Берг работал как одержимый, пел и кричал. Ваня его никогда таким не видел. Он следил за каждым движением Берга, менял ему воду для красок и подавал из коробки фарфоровые чашечки с краской.

Глухой сумрак прошел внезапной волной по листве. Золото меркло. Воздух тускнел. Далекий грозный ропот прокатился от края до края лесов и замер где-то над гарями. Берг не оборачивался.

– Гроза заходит! – крикнул Ваня. – Надо домой!

– Осенняя гроза, – ответил рассеянно Берг и начал работать еще лихорадочнее.

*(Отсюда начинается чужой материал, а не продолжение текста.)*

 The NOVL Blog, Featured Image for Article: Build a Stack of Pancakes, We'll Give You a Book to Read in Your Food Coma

Гром расколол небо, вздрогнула черная вода, но в лесах еще бродили последние отблески солнца. Берг торопился.

Ваня потянул его руку:

– Глянь назад, глянь, страх какой!

Берг не обернулся. Спиной он чувствовал, что сзади идет дикая тьма, пыль, – уже листья летели ливнем, и, спасаясь от грозы, низко неслись над мелколесьем испуганные птицы.

Берг торопился. Оставалось всего несколько мазков.

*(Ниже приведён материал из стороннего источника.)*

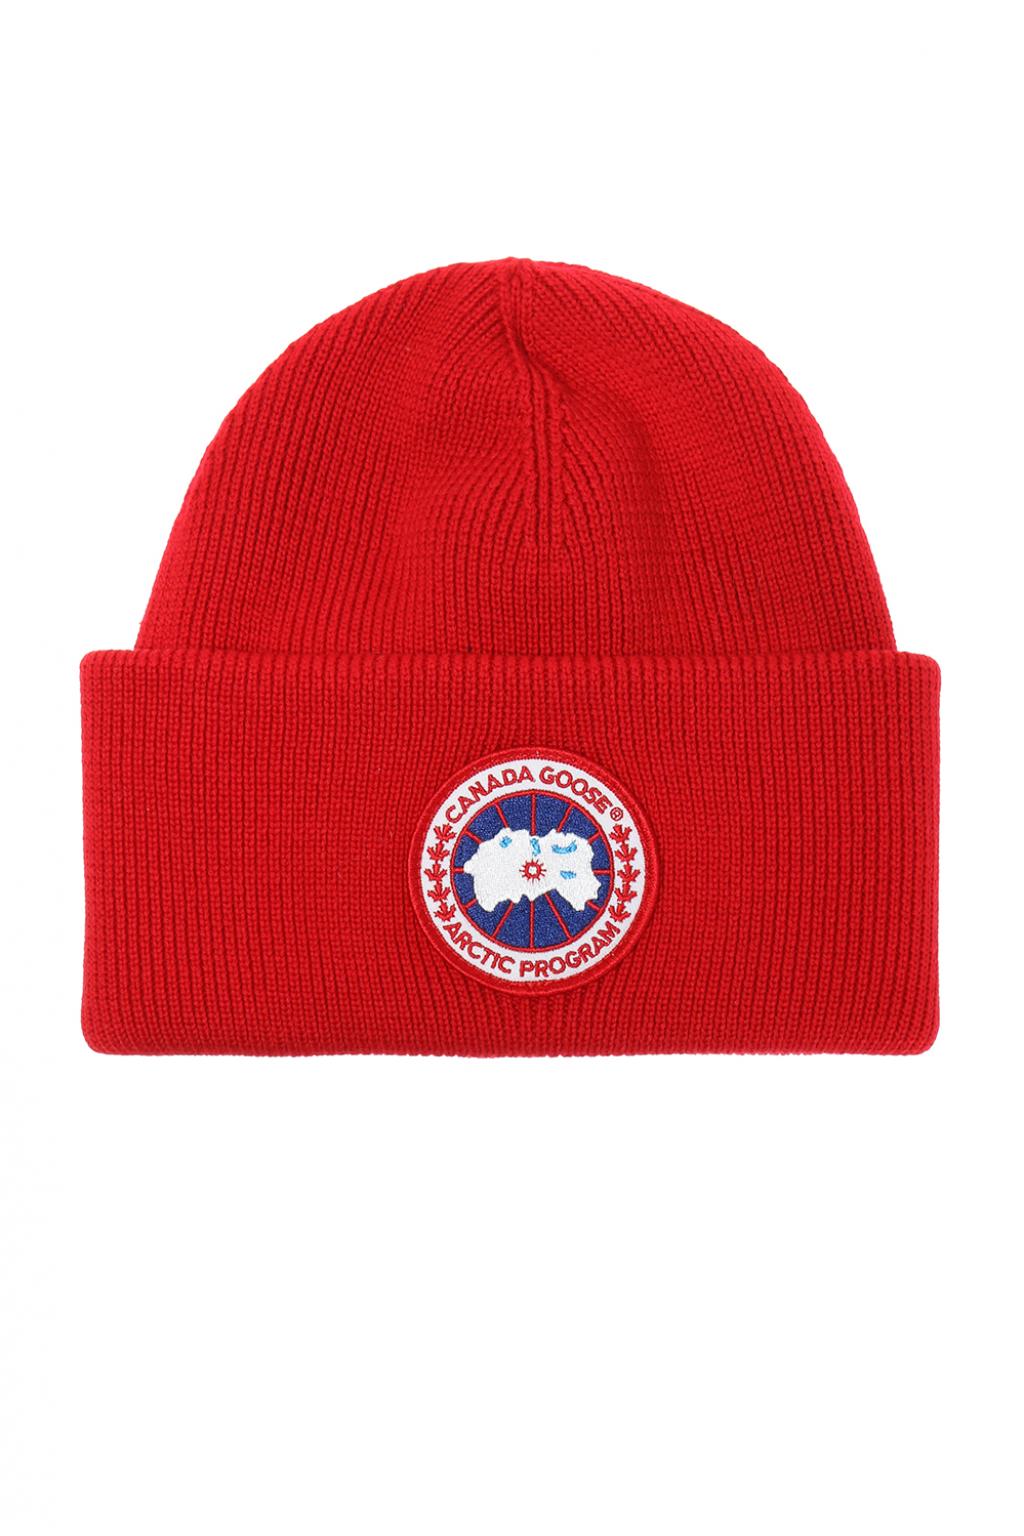 Canada Goose Wool hat Swimming with a logo

Ваня схватил его за руку. Берг услышал стремительный гул, будто океаны шли на него, затопляя леса.

Тогда Берг оглянулся. Черный дым падал на озеро. Леса качались. За ними свинцовой стеной шумел ливень, изрезанный трещинами молний. Первая тяжелая капля щелкнула по руке.

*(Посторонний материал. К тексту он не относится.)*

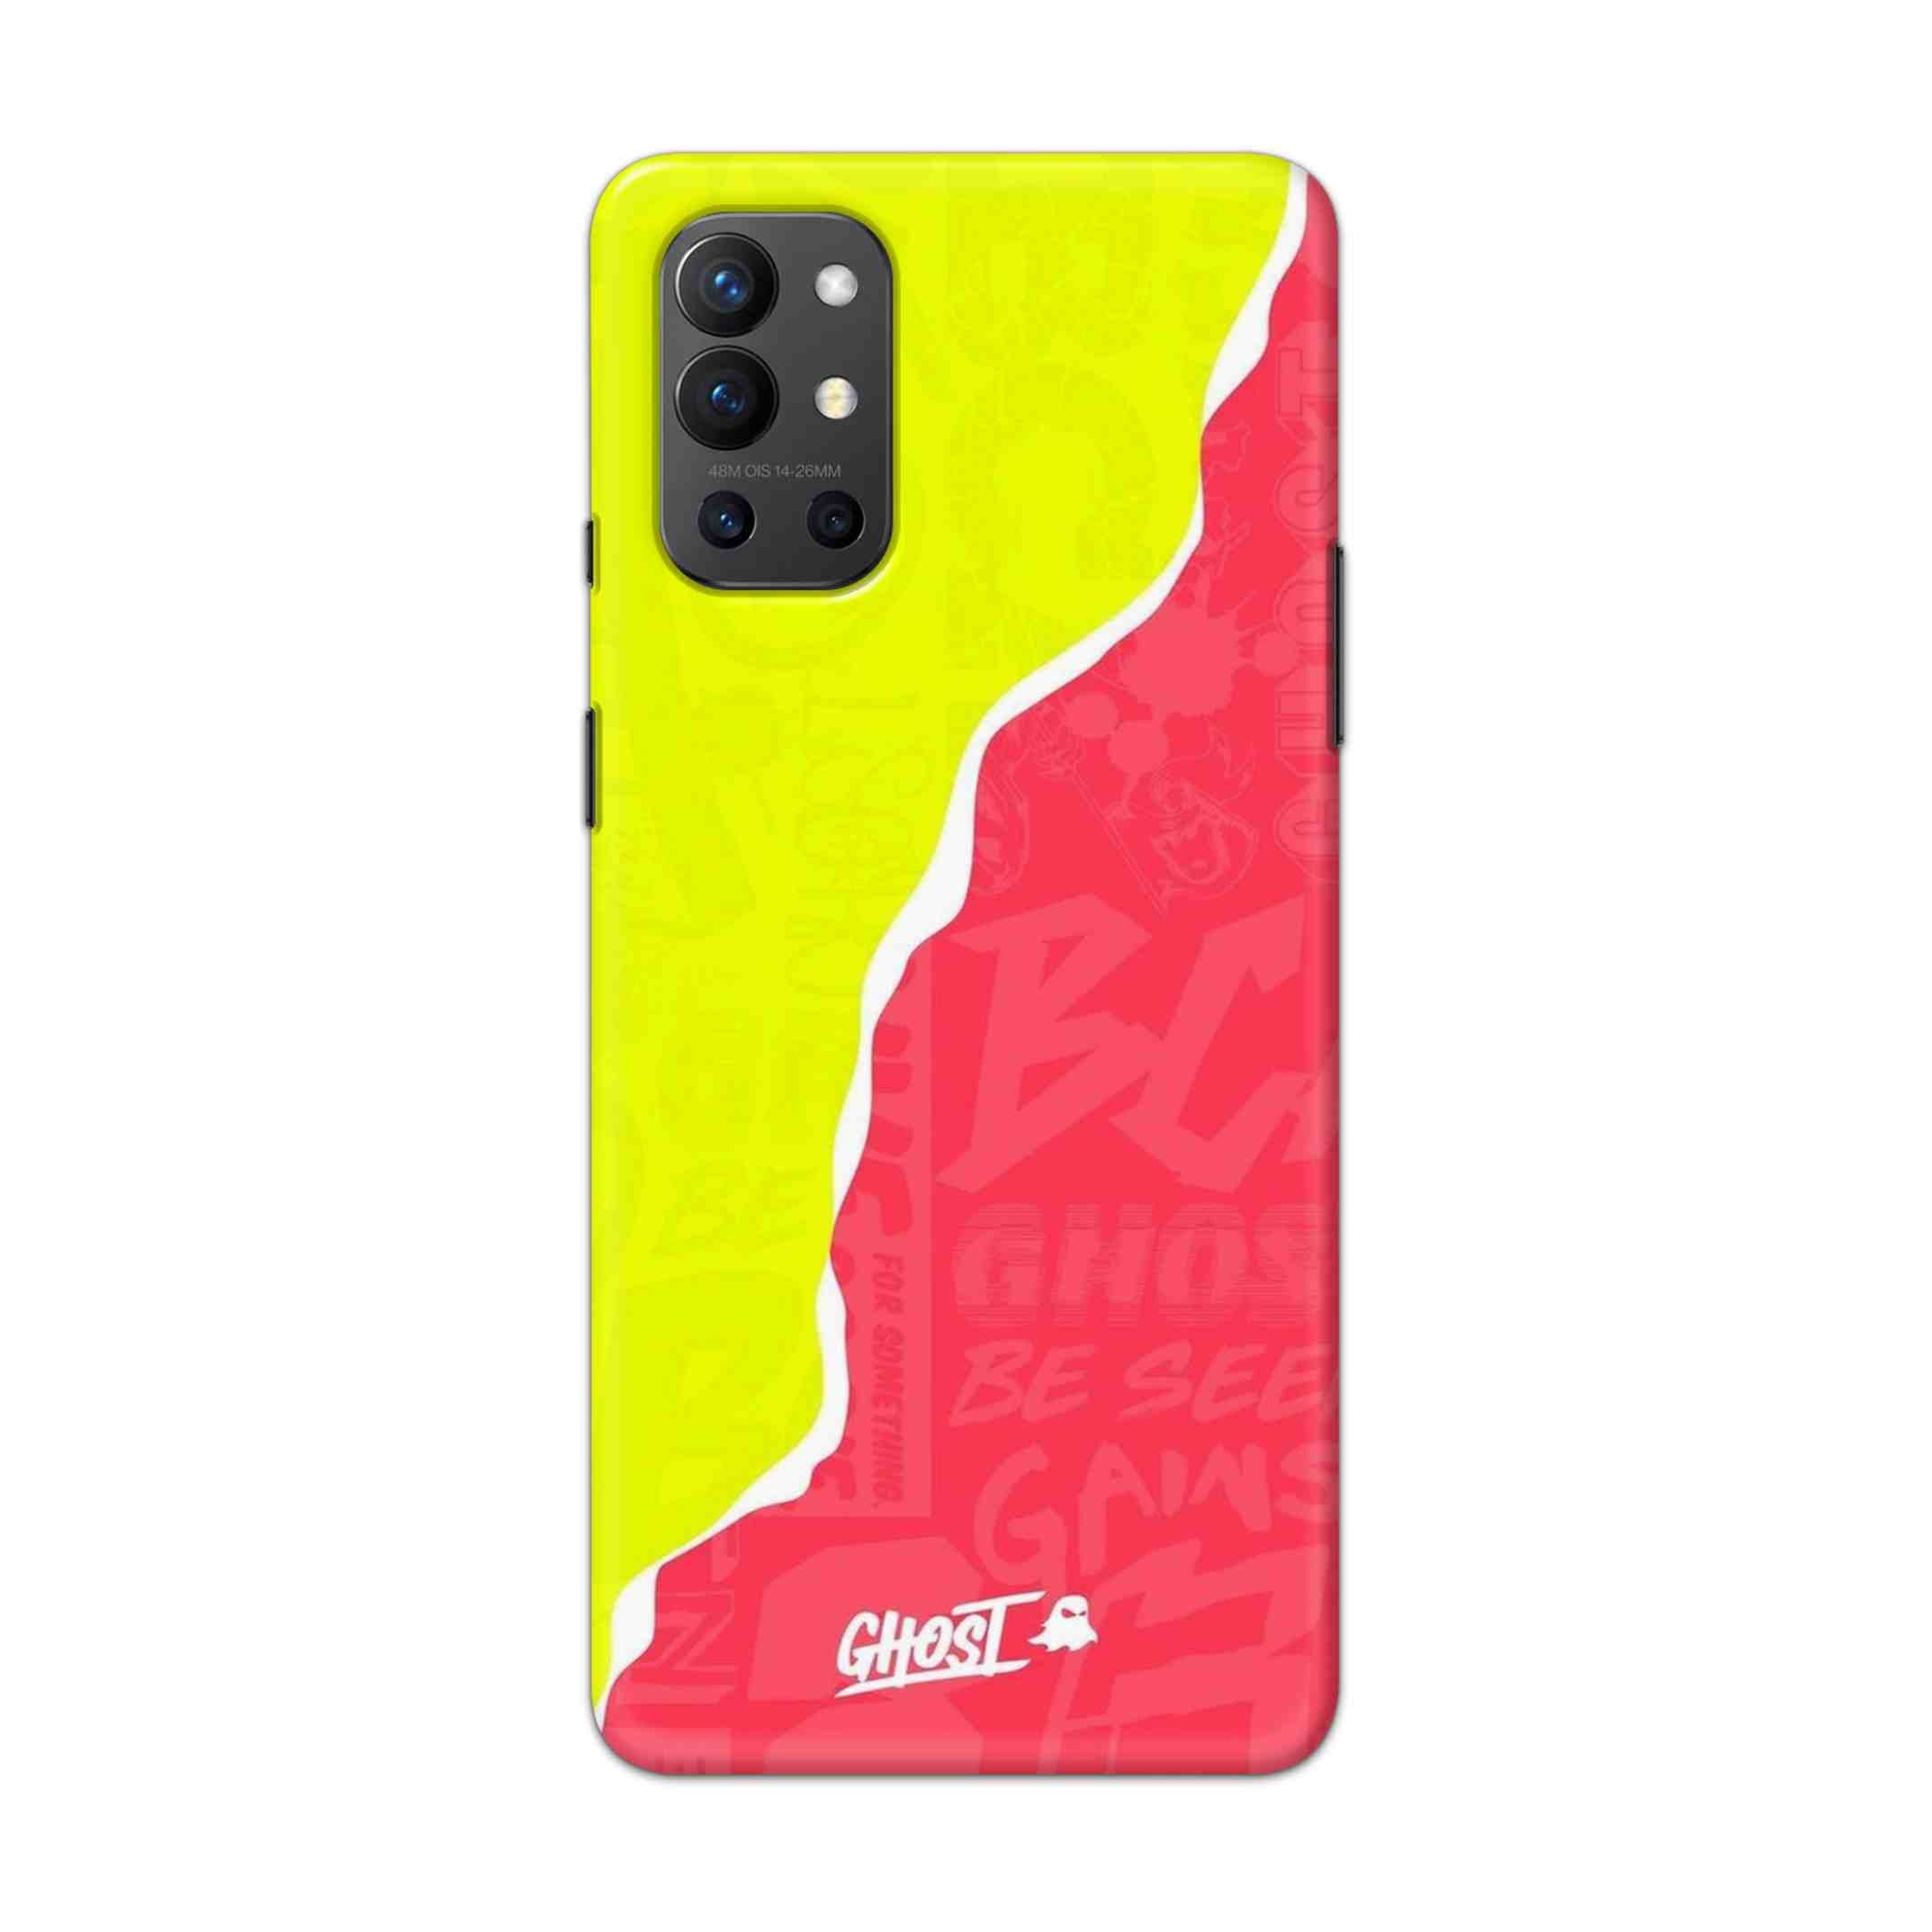 Buy Ghost Hard Back Mobile Phone Case Cover For OnePlus 9R / 8T Online

Берг быстро спрятал этюд в ящик; снял куртку, обернул ею ящик и схватил маленькую коробку с акварелью. В лицо ударила водяная пыль. Метелью закружились и залепили глаза мокрые листья.

Молния расколола соседнюю сосну. Берг оглох. Ливень обрушился с низкого неба, и Берг с Ваней бросились к челну.

Мокрые и дрожащие от холода Берг и Ваня через час добрались до сторожки. В сторожке Берг обнаружил пропажу коробочки с акварелью. Краски были потеряны, – великолепные краски Лефранка. Берг искал их два дня, но, конечно, ничего не нашел.

Через два месяца в Москве Берг получил письмо, написанное большими корявыми буквами.

«Здравствуйте, товарищ Берг, – писал Ваня. – Отпишите, что делать с вашими красками и как их вам доставить. Как вы уехали, я искал их две недели, все обшарил, пока нашел, только сильно простыл – потому уже были дожди, – заболел и не мог вам раньше отписать. Я чуть не помер, но теперь хожу, хотя еще очень слабый. Папаня говорит, что было у меня воспаление в легких. Так что вы не сердитесь.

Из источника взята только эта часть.